AUTHOR=Liang Hao-yu , Yang Shi-feng , Zou Hong-mei , Hou Feng , Duan Li-sha , Huang Chen-cui , Xu Jing-xu , Liu Shun-li , Hao Da-peng , Wang He-xiang TITLE=Deep Learning Radiomics Nomogram to Predict Lung Metastasis in Soft-Tissue Sarcoma: A Multi-Center Study JOURNAL=Frontiers in Oncology VOLUME=12 YEAR=2022 URL=https://www.frontiersin.org/journals/oncology/articles/10.3389/fonc.2022.897676 DOI=10.3389/fonc.2022.897676 ISSN=2234-943X ABSTRACT=Objectives

To build and evaluate a deep learning radiomics nomogram (DLRN) for preoperative prediction of lung metastasis (LM) status in patients with soft tissue sarcoma (STS).

Methods

In total, 242 patients with STS (training set, n=116; external validation set, n=126) who underwent magnetic resonance imaging were retrospectively enrolled in this study. We identified independent predictors for LM-status and evaluated their performance. The minimum redundancy maximum relevance (mRMR) method and least absolute shrinkage and selection operator (LASSO) algorithm were adopted to screen radiomics features.

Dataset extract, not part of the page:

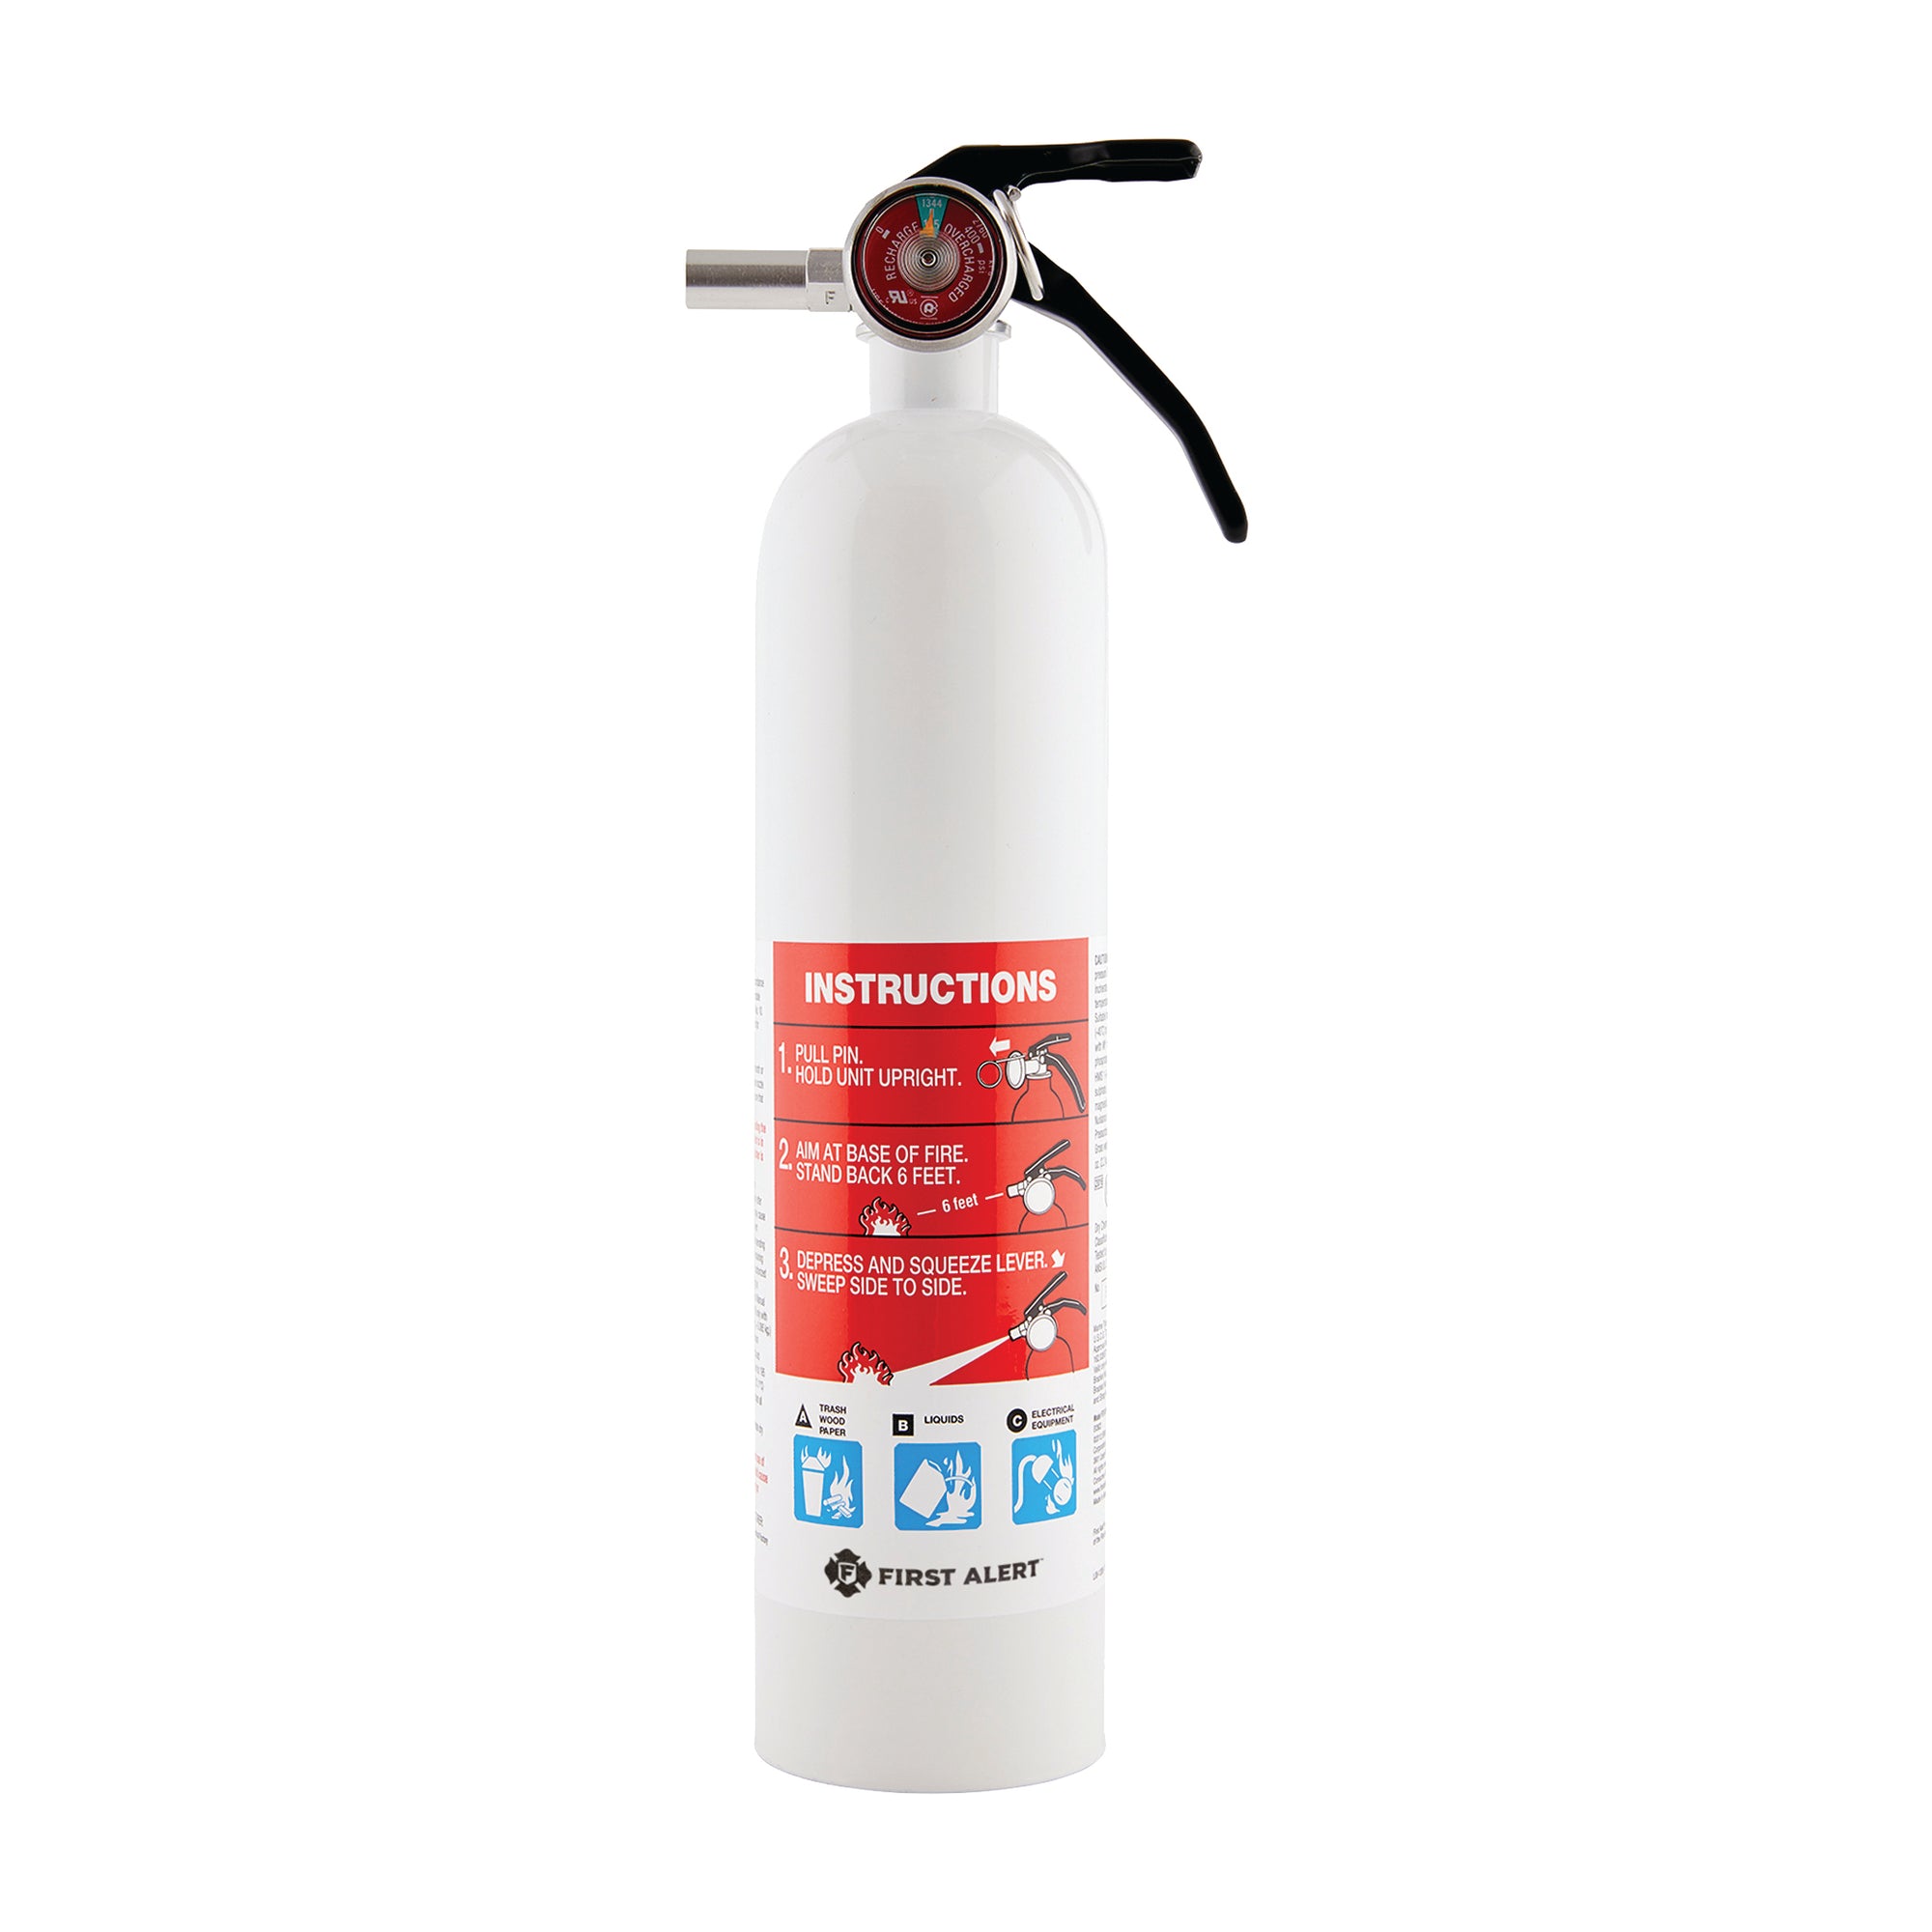 First Alert FE1A10GOWA General Purpose Fire Extinguisher 1-A:10-B:C - White

Logistic regression, decision tree, random forest, support vector machine (SVM), and adaptive boosting classifiers were compared for their ability to predict LM. To overcome the imbalanced distribution of the LM data, we retrained each machine-learning classifier using the synthetic minority over-sampling technique (SMOTE). A DLRN combining the independent clinical predictors with the best performing radiomics prediction signature (mRMR+LASSO+SVM+SMOTE) was established. Area under the receiver operating characteristics curve (AUC), calibration curves, and decision curve analysis (DCA) were used to assess the performance and clinical applicability of the models.

Result

Comparisons of the AUC values applied to the external validation set revealed that the DLRN model (AUC=0.833) showed better prediction performance than the clinical model (AUC=0.664) and radiomics model (AUC=0.799). The calibration curves indicated good calibration efficiency and the DCA showed the DLRN model to have greater clinical applicability than the other two models.

Conclusion

The DLRN was shown to be an accurate and efficient tool for LM-status prediction in STS.